This is the only utility corridor on this list to stretch into Alexandria, and it then heads south across Fairfax where there are already short trail segments on the corridor.
On the east end, the corridor starts just inside the beltway at the water treatment plant and then moves into the same corridor as the Beltway. This is not impossible for a trail to navigate, but it would mean placing a trail in between a freeway and its ramps, or other facilities, on top of what is now a drainage ditch. And at least one bridge would be needed over Hooff Run. It's probably not worth it, even if it does create a connection to the Eisenhower Avenue Metro.
Getting across the Beltway there would be very difficult too. Better to just use the trail on Eisenhower and the ramp to Telegraph Road. But it's nice to have options.

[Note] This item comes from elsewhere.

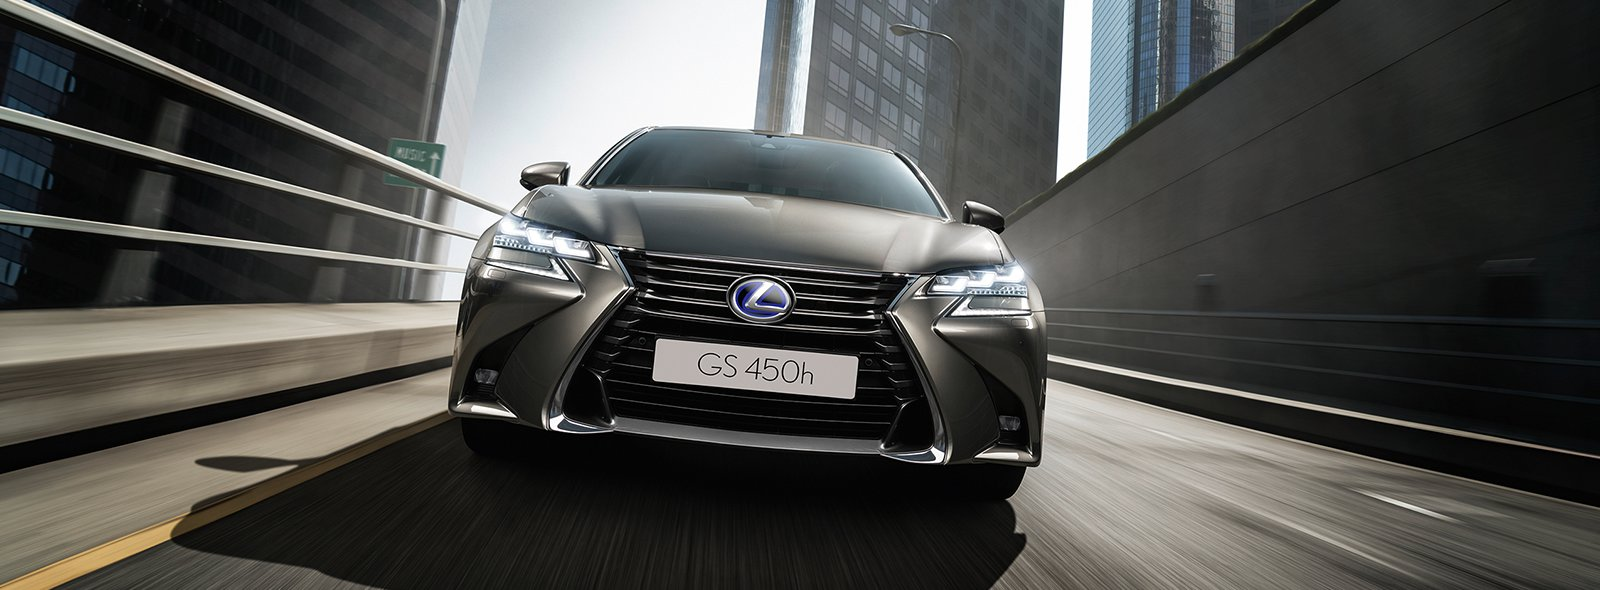 Lexus GS 450h Hybrid keula

From there, the corridor - now in Fairfax County - becomes a lot easier to use all the way to S. Van Dorn Street. In fact for most of the way between S.Van Dorn and Rose Hill there's already a trail. Between Van Dorn and Hayfield the corridor runs along Manchester Boulevard and over some parking lots, making it harder to adapt, but at Hayfield another trail picks up (and diverts along a spur to Kingstown Village Parkway) and the corridor becomes easy to adapt all the way to I-95 and the railroad line east of it. The spur is also adaptable up to that point.
Interestingly, a bridge for either of those over the railroad would create a connection to the Fairfax County Parkway Trail.
There's no way to cross I-95 by bike between Rolling Road and the Franconia-Springfield Parkway (and maybe that should be fixed) but once on the west side it again becomes a good corridor all the way to the Occoquan. One small section has a trail on it and the corridor is criss-crossed by trails in the South Run Stream Valley Park. It also connects with the Cross County Trail, some sidepaths along Pohlick, Ox and Silverbrook Roads and another corridor that goes to Middleburg, VA. On the downside, crossing some of the roads would be unpleasant without grade separation.
On the other side of the Occoquan, in Prince William County, the corridor gets more difficult with lots of water crossings, another crossing of I-95 and some wetland issues. But certainly parts could be adapted. There are two parallel corridors in that part of the County that lead to the Possom Point power plant - the other one goes to Idylwood - and it might make sense to focus on the other one first, or to find a way to use parts of each. Along the way it intersects another corridor, and then there are a few other lines that come out of Possom Point.